Many of the essays have focused on the ways in which public policy and private law can address the aftermath of relationship difficulties and dissolution. Such policies and laws strive to return fracturing family relationships to safe, secure and stable functioning. Family law initiatives have brought together the information and expertise required to collaboratively manage post-separation parenting matters. The Magellan case management model in the Family Court of Australia specifically focuses on achieving better coordination of parenting matters involving allegations of sexual assault or serious physical abuse of children (Higgins, 2007). Other initiatives involve coordination between lawyers and psychology/counselling professionals in resolving family law disputes where there are concerns about family violence, and the allocation of Independent Children's Lawyers to complex children's matters in family law proceedings, as discussed in chapters 16 and 20.
Recognition of the need for better coordination of social services has resulted in innovations such as the Australian Government's Communities for Children initiative (Edwards, Gray et al., 2011; Edwards, Wise et al., 2009), and coordinated approaches such as Victoria's Services Connect (Department of Human Services Victoria, 2013). The former is a place-based early intervention program focused on strengthening families and achieving better coordination of services and supports within each target community. The latter is a strategy that explicitly aims to overcome complicated organisational structures, policies and programs focused on the many different needs of families living in circumstances of disadvantage and vulnerability. While these are but two of a rapidly growing list of initiatives, they illustrate practical approaches to coordinating the services that seek to strengthen and integrate community capacity to support families with complex, multiple needs.

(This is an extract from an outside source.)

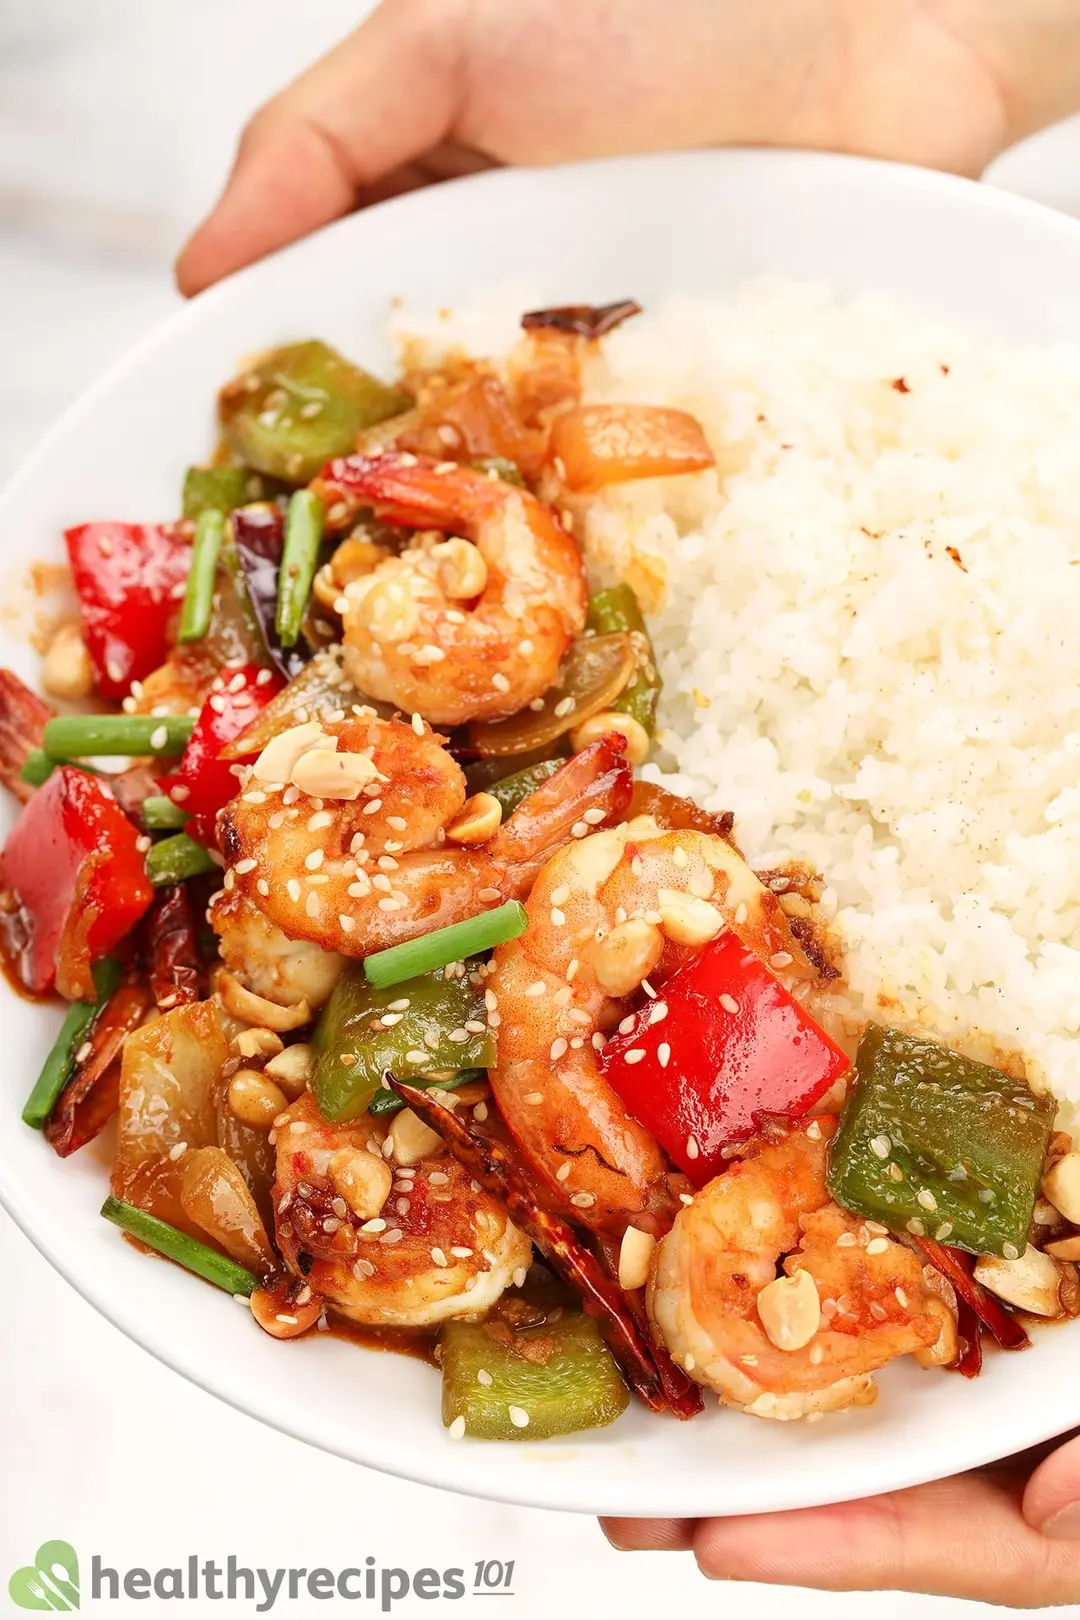 What to Serve With Kung Pao Shrimp

When it comes to addressing these needs, both policy and the law are framed in the context of the following realities: change is a constant, difference is the norm and complexity is a simple fact of life! This collection of essays both outlines some of the key problems and sketches some of the positive prospects for progress in addressing contemporary social problems that bear on children and their families. Collective awareness of the issues involved and common narratives are the starting points for better coordinated approaches to promoting the resilience of individuals and the wellbeing of their families.
- Council of Australian Governments. (2009). Protecting children is everyone's business: National Framework for Protecting Australia's Children 2009-2020. Canberra: COAG. Retrieved from <www.dss.gov.au/our-responsibilities/families-and-children/publications-articles/protecting-children-is-everyones-business>.
- Council of Australian Governments. (2010). National Plan to Reduce Violence against Women and their Children 2010-2022 (PDF 722 KB). Canberra: COAG. Retrieved from <www.dss.gov.au/sites/default/files/documents/05_2012/national_plan.pdf>.
- Department of Human Services Victoria. (2013). Services Connect: Better services for Victorians in need. Melbourne: DHS.
- Edwards, B., Gray, M., Wise, S., Hayes, A., Katz, I., Muir, K., & Patulny, R. (2011). Early impacts of Communities for Children on children and families: Findings from a quasi-experimental cohort study. Journal of Epidemiology and Community Health, 65(10), 909-914.
- Edwards, B., Wise, S., Gray, M., Hayes, A., Katz, I., Misson, S. et al. (2009). Stronger Families in Australia study: The impact of Communities for Children (Occasional Paper No. 25). Canberra: Department of Families, Housing, Community Services and Indigenous Affairs.
- Higgins, D. J. (2007). Cooperation and coordination: An evaluation of the Family Court of Australia's Magellan case-management model. Canberra: Family Court of Australia. Retrieved from <www.aifs.gov.au/institute/pubs/magellan>.